= Genpet =

Genpets are a mixed media installation art piece by artist Adam Brandejs. It is considered a hoax of exposure.
The project has been shown in multiple galleries in Canada and Europe and has garnered some attention in the mass media.

The creations were sculpted, automated creatures made of latex and plastic, and housed robotic circuitry to simulate slow respiration. They looked like small, hairless humanoids, and were intended to be displayed as living, but dormant, bio-engineered creatures for purchase as pets. The fabricated packaging indicated a purchaser had a choice of what personality traits their Genpet displayed based on a color-coded chemical behavioral modulation system, and that the creatures had a limited vocal capacity.
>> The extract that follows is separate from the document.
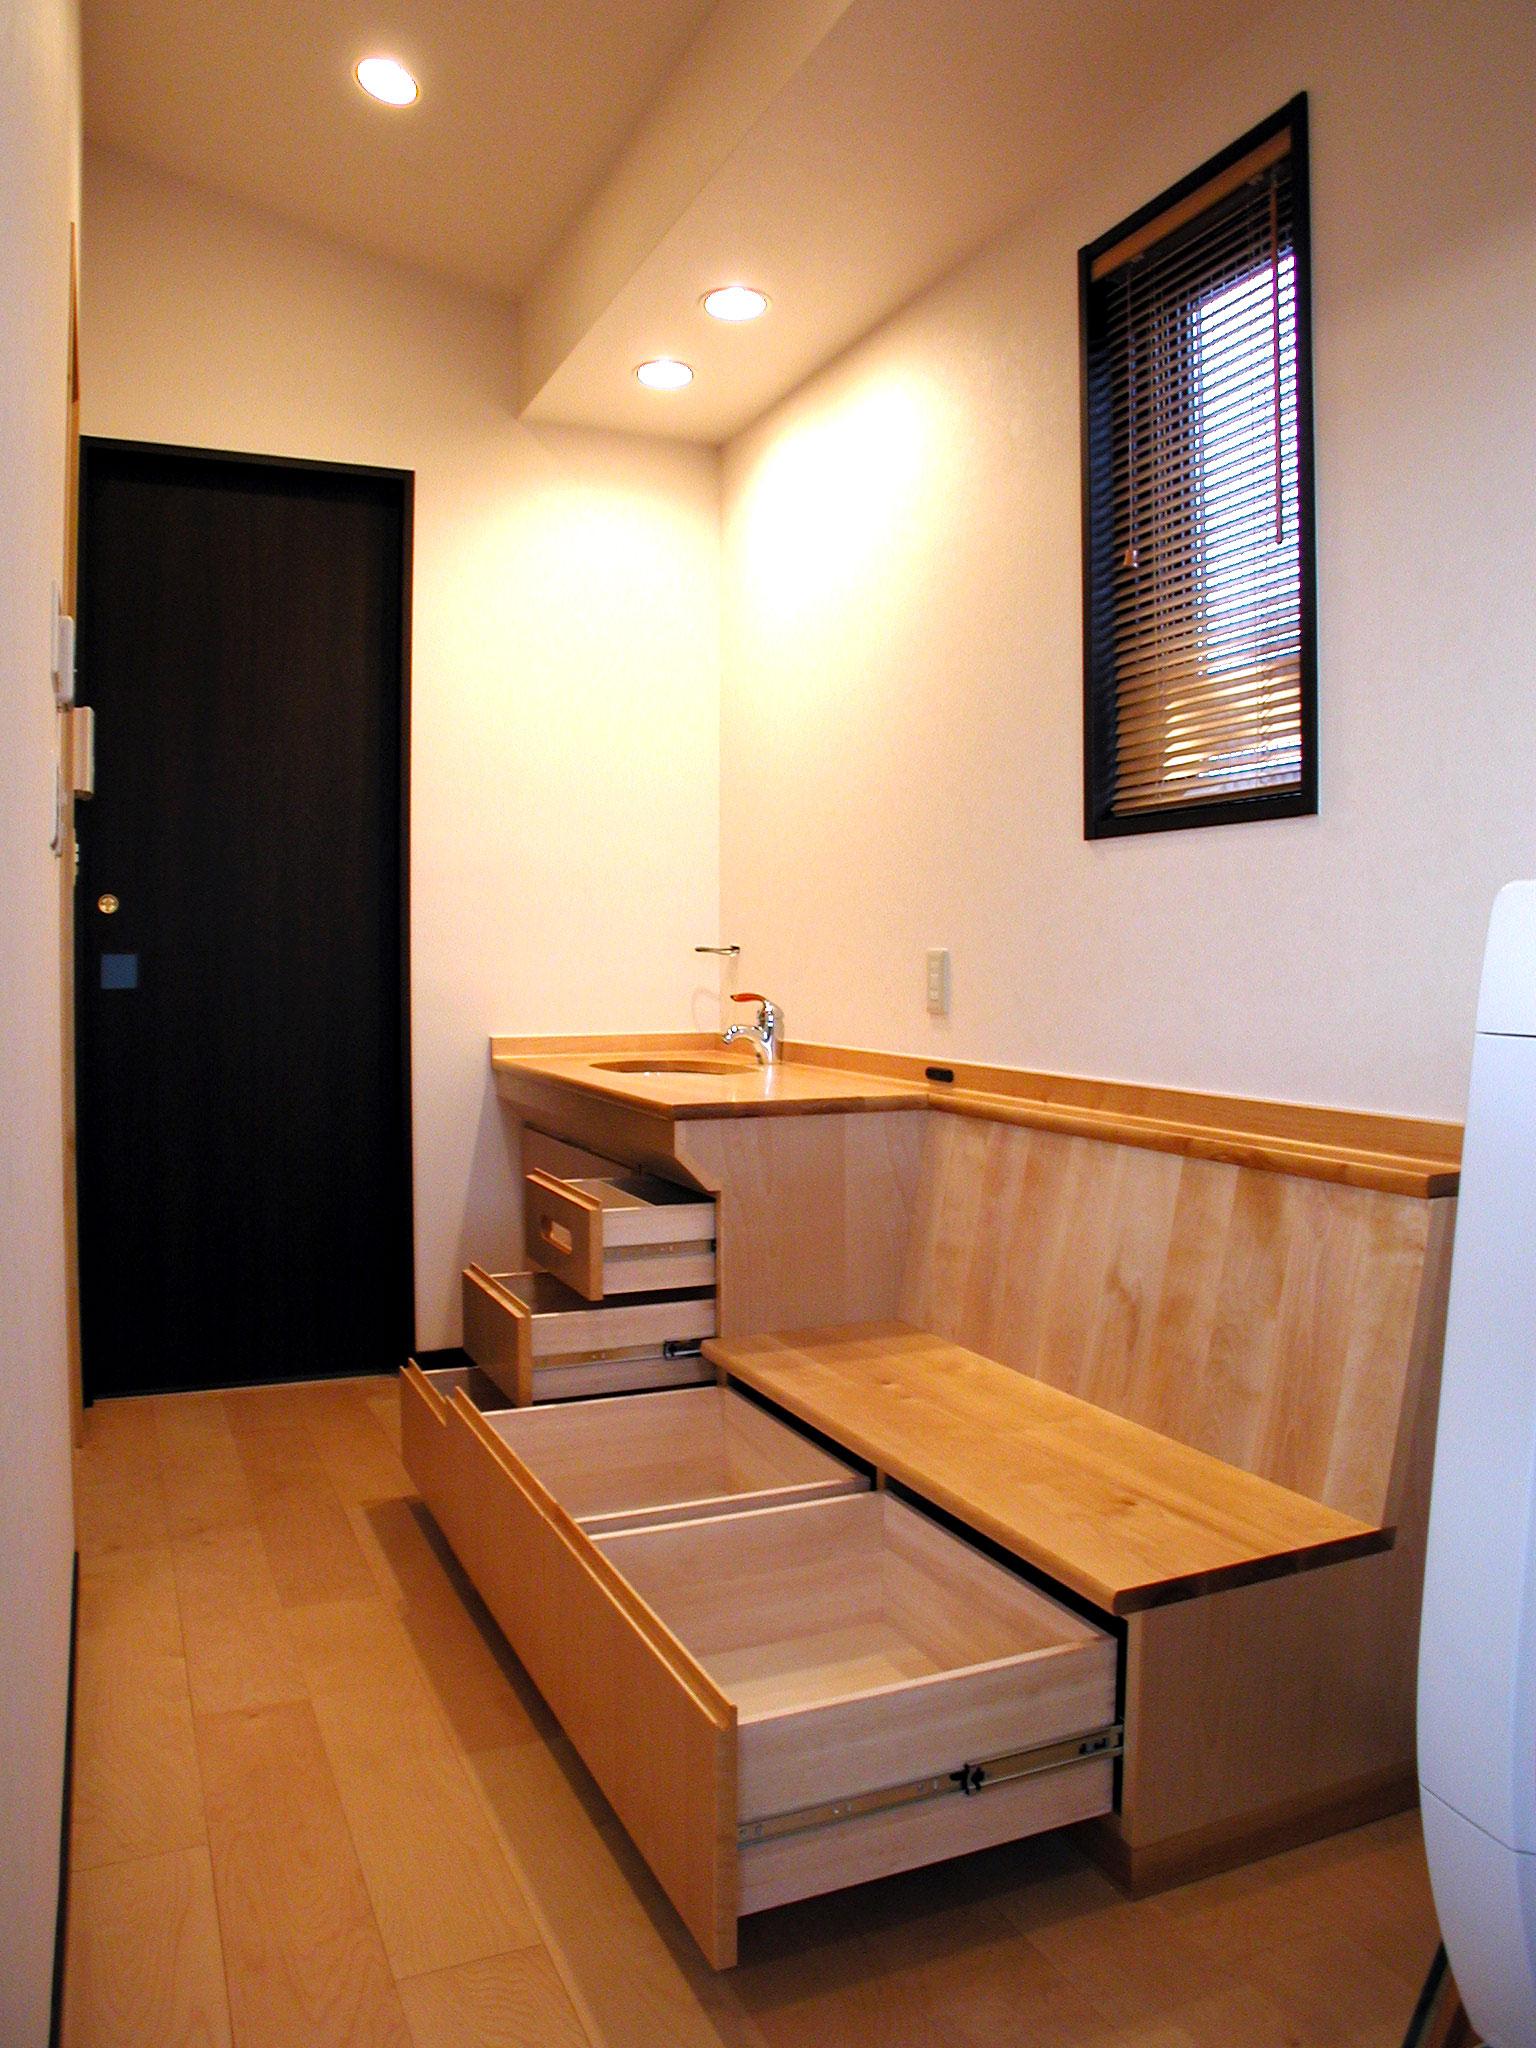 ホワイトバーチ材の腰掛付き洗面台[2]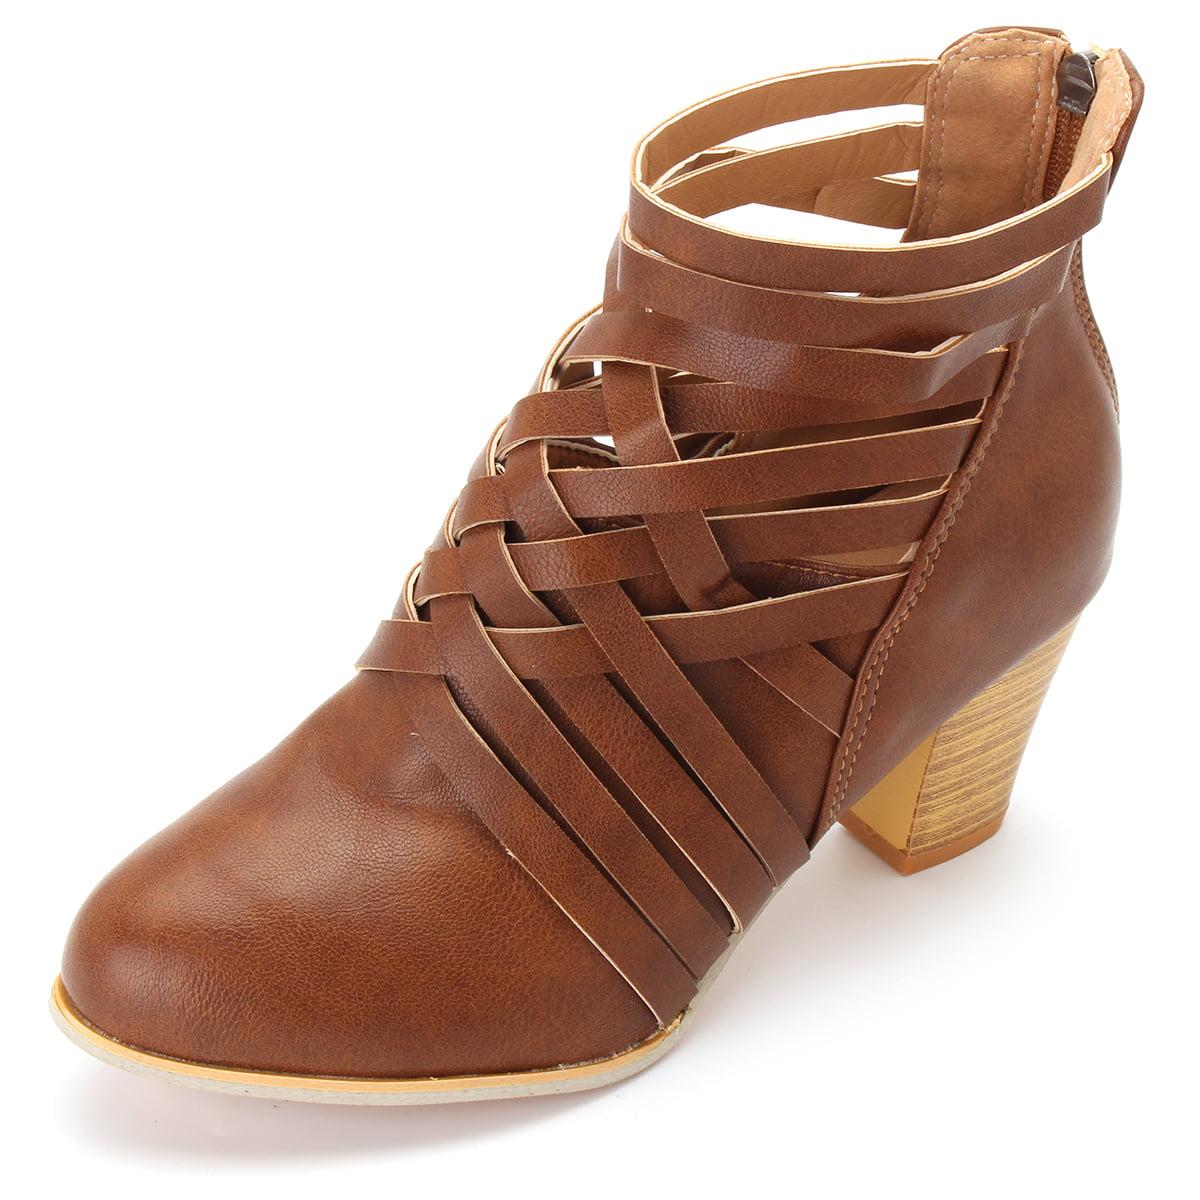 628e35da49e Meigar - Women s Ankle Boots Block Low Mid Heel Sandals - Walmart.com

The sculptures and packaging, along with the professional appearance and cleverly open ended interactive features website led many observers to assume that Genpets were real.

In 2006, Genpets were featured on the weblog for The Museum of Hoaxes in San Diego, California. as well as broadcast on BBC News Worldwide on a BBC programme called Click as well as the Times (UK), the New York Times and G4TechTV.

All the work was hand done by the artist Adam Brandejs, with assistance from makeup artist Crystal Pallister for the coloring of the creatures. The pictures show the actual 19 genpet units that display at art galleries. Genpets have been displayed at multiple Fine Art galleries and museum displays in both North America and Europe.